→ **Stored data entries**:
== Segment start ==

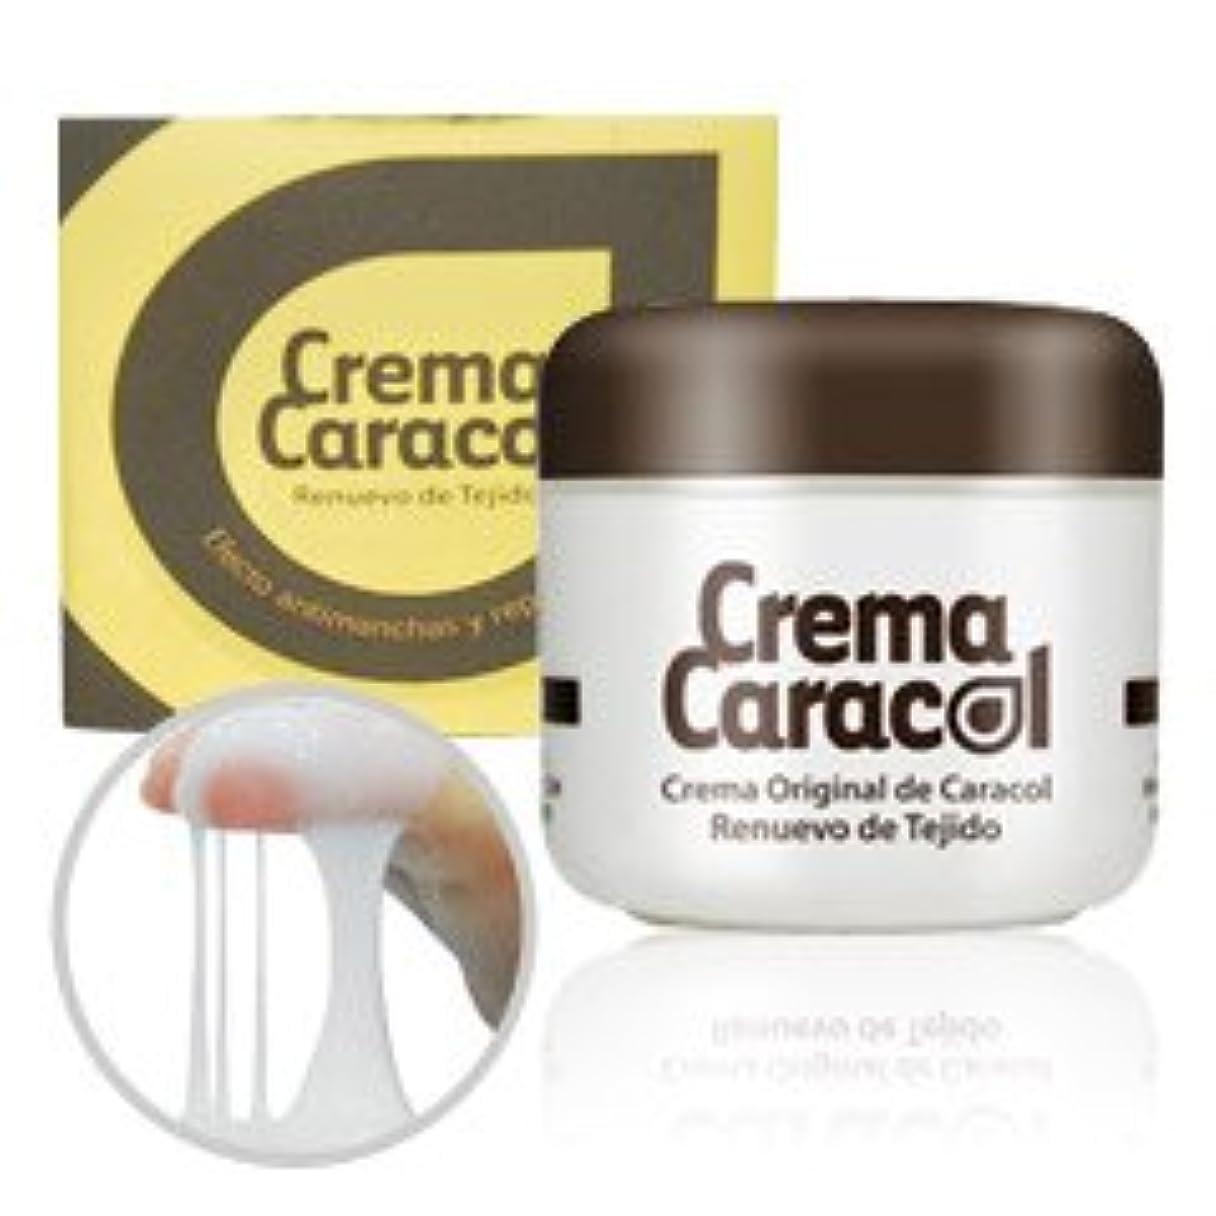 診療所定常北東crema caracol(カラコール) かたつむりクリーム 3個セット
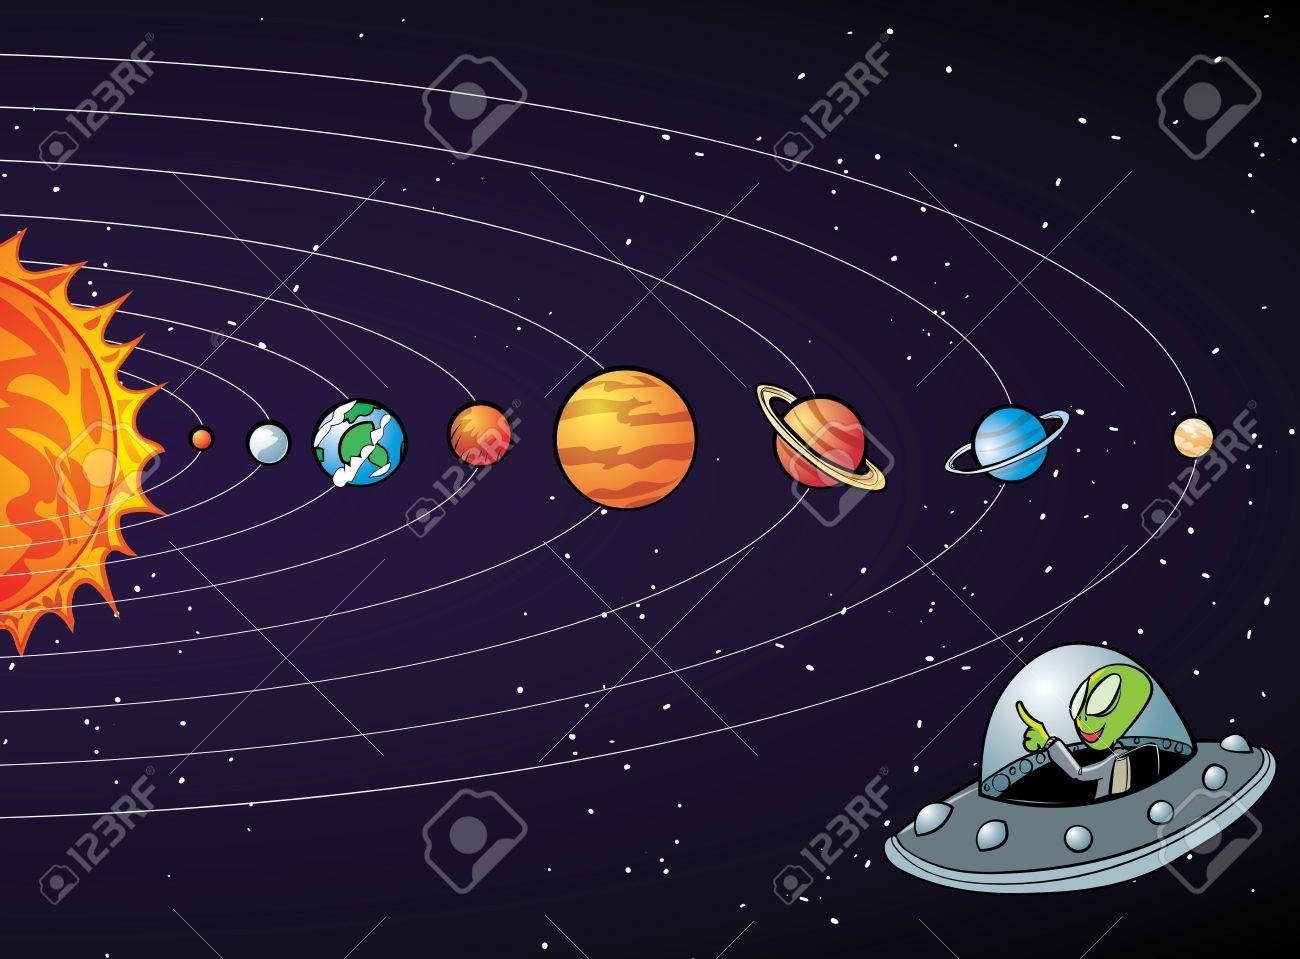 Dibujos Para Colorear Del Sistema Solar Para Ninos: Resultado De Imagen Para Sistema Solar Dibujo Animado
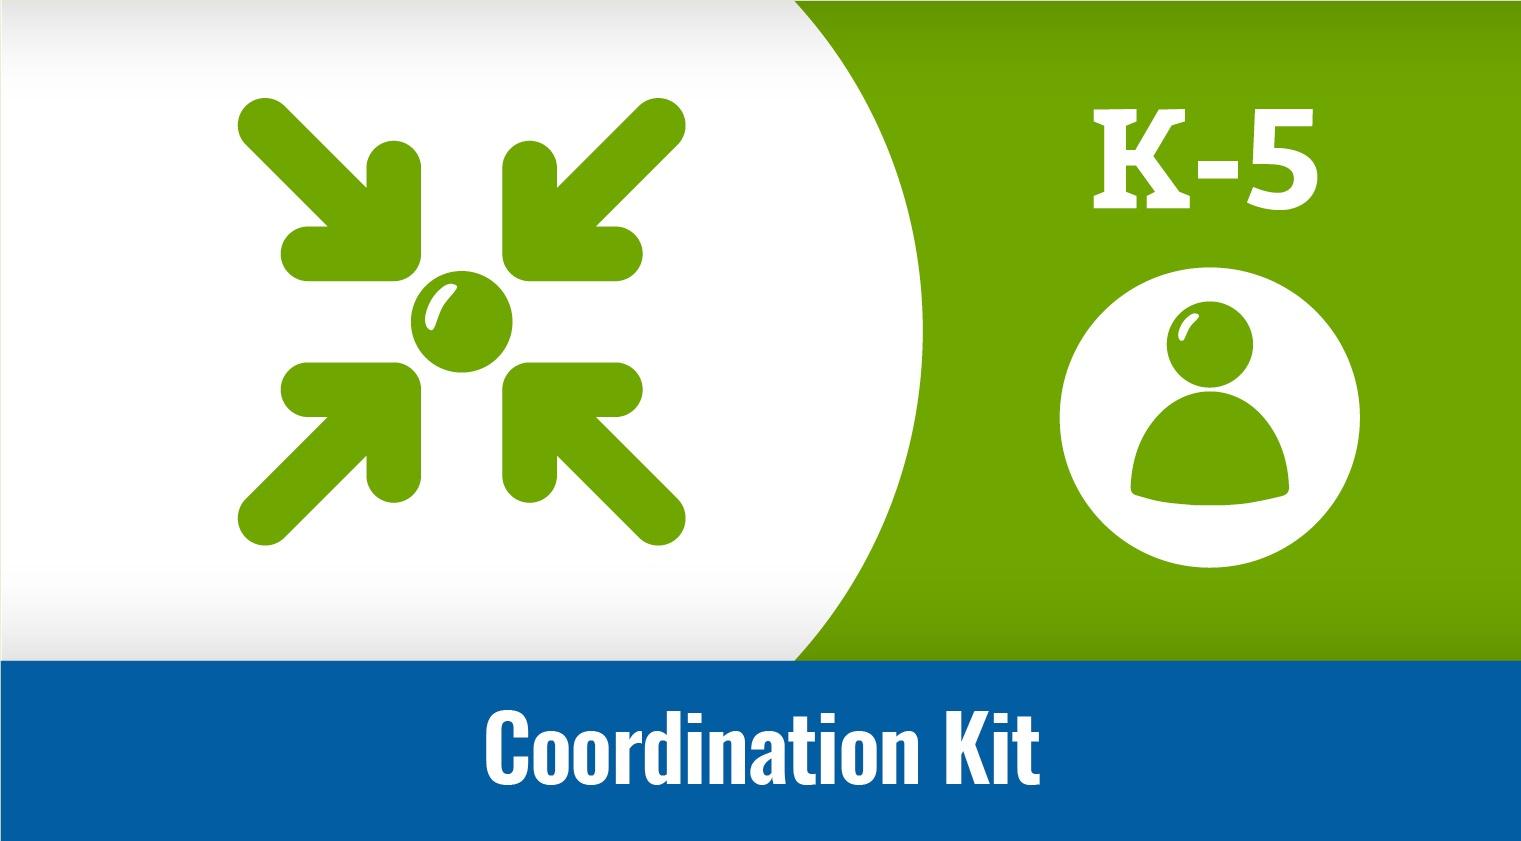 Coordination Kit (K-5) 9-Week: CATCH Champion & Team Resources
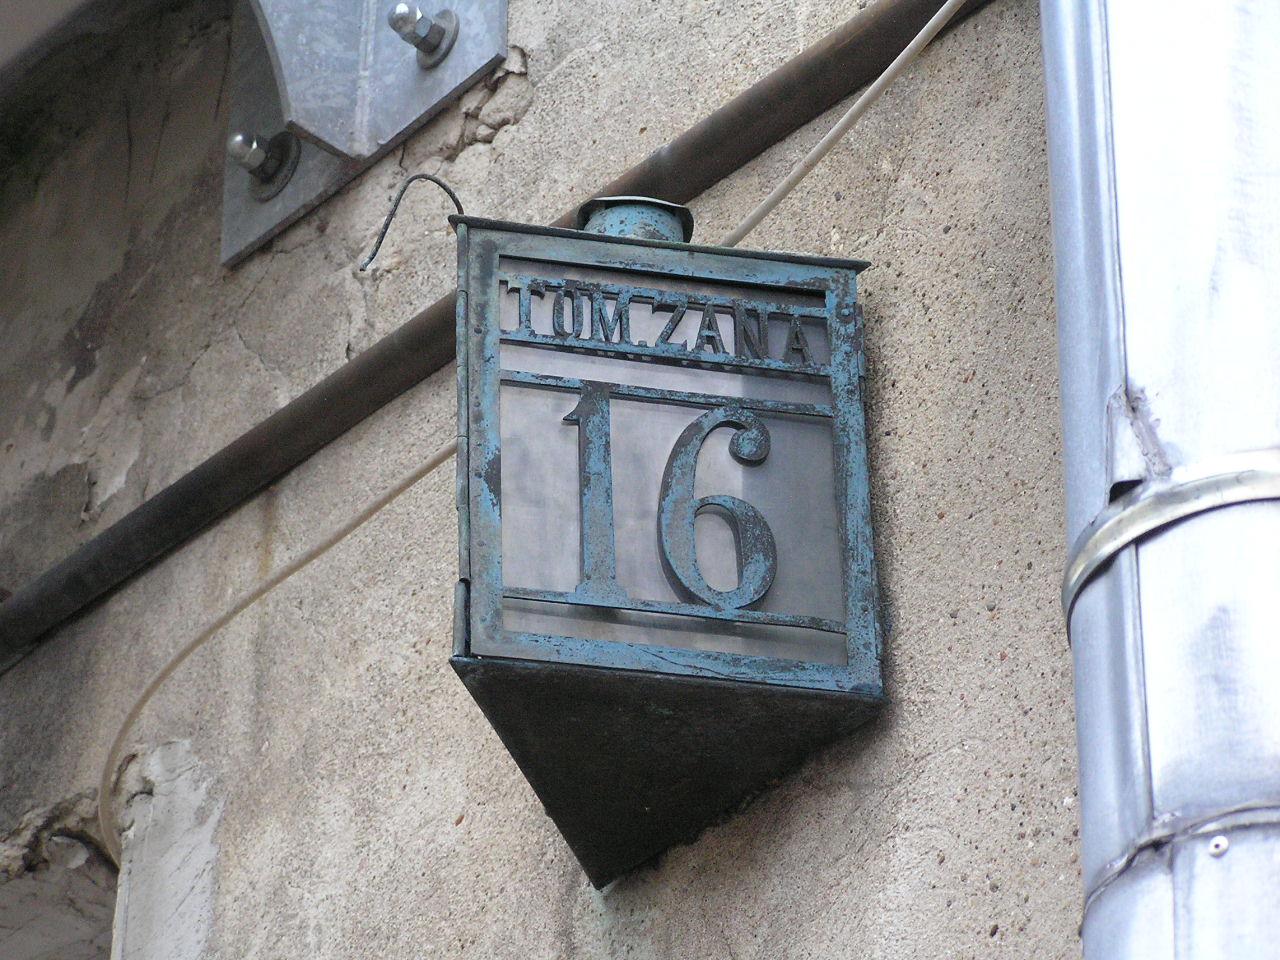 Latarenka adresowa - Zana 16
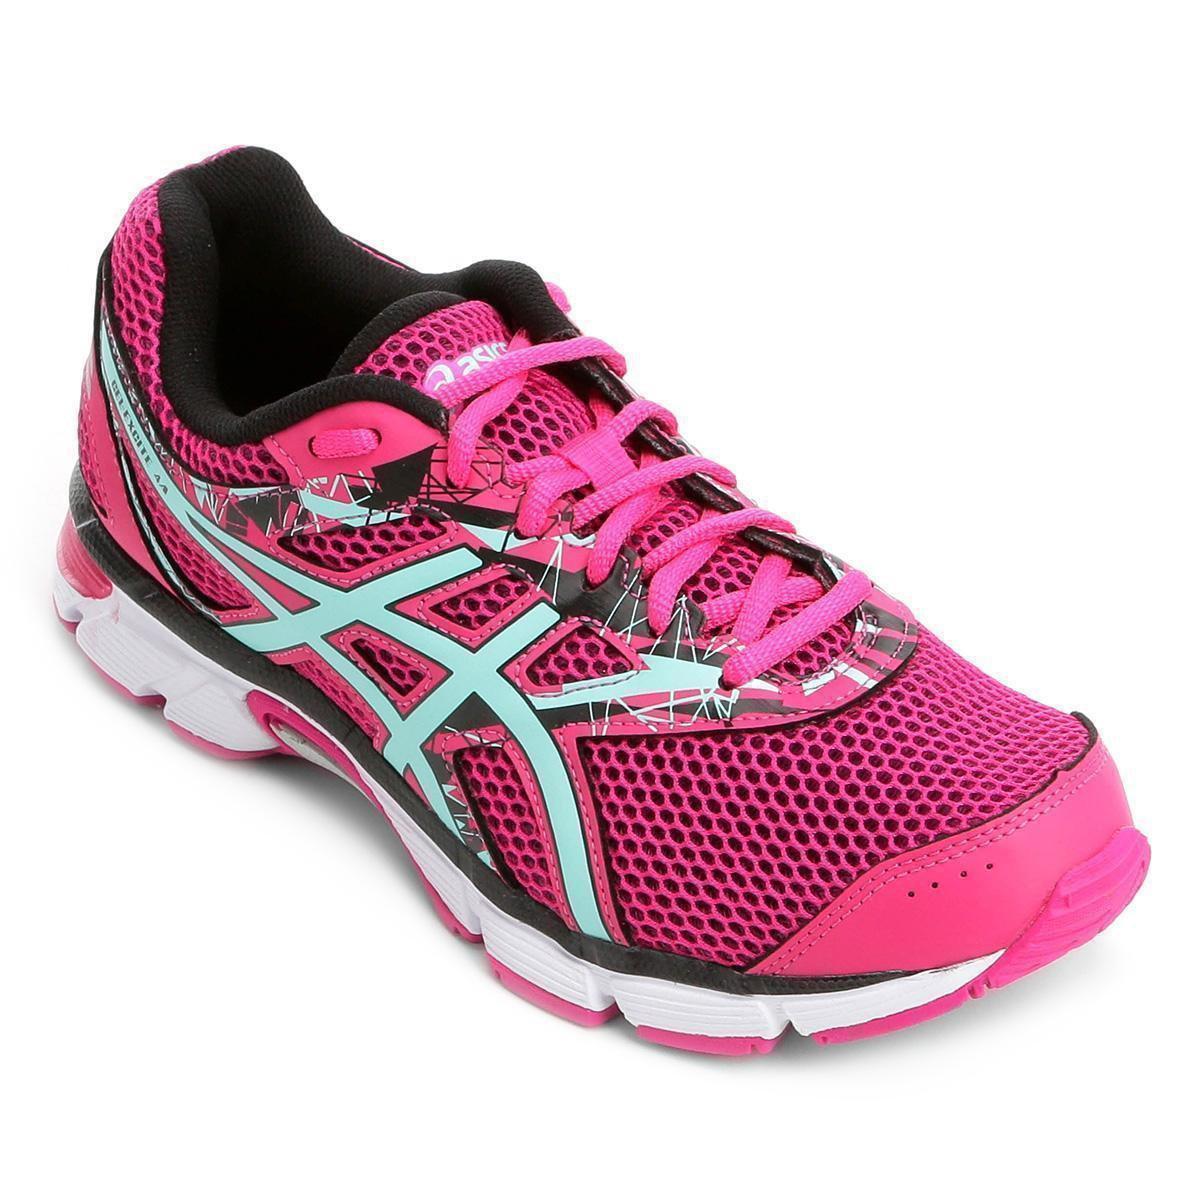 Tênis Asics GEL Excite 4 Feminino - Rosa - Compre Agora  b0a1b64719e82
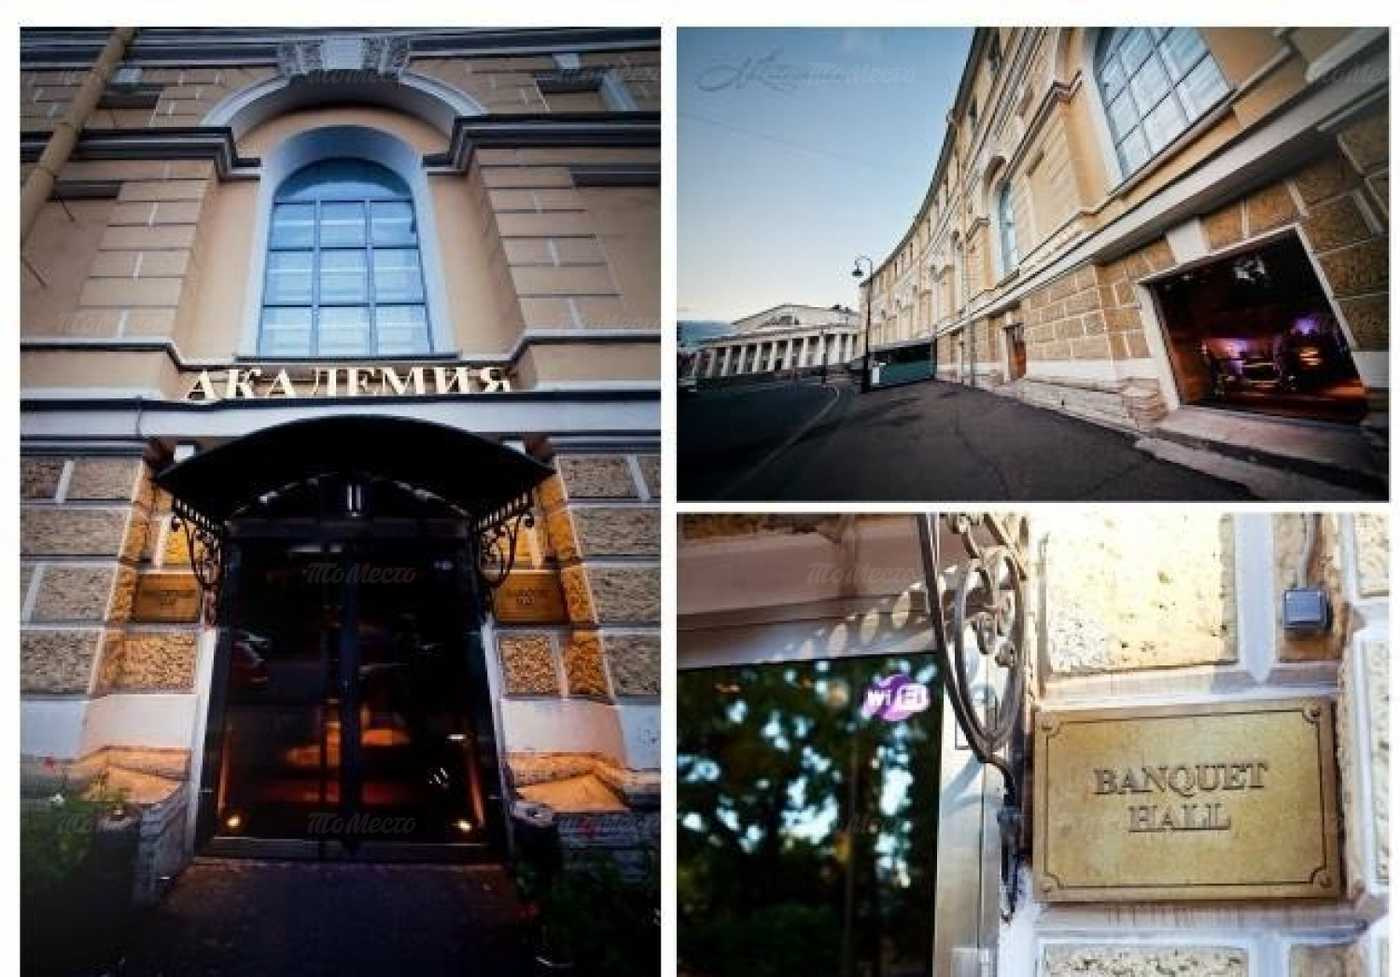 """Меню ресторана Банкет-холл """"Академия"""" (Academy) в Биржевом проезде"""

== Segment end ==

→ **Instructions to follow**: Each entry above must be printed exactly, apart from its pictures.

→ **Reply to the task**:
 診療所定常北東crema caracol(カラコール) かたつむりクリーム 3個セット
 Dibujos Para Colorear Del Sistema Solar Para Ninos: Resultado De Imagen Para Sistema Solar Dibujo Animado
 Coordination Kit (K-5) 9-Week: CATCH Champion & Team Resources
 Latarenka adresowa - Zana 16
 Tênis Asics GEL Excite 4 Feminino - Rosa - Compre Agora  b0a1b64719e82
 """Меню ресторана Банкет-холл """"Академия"""" (Academy) в Биржевом проезде"""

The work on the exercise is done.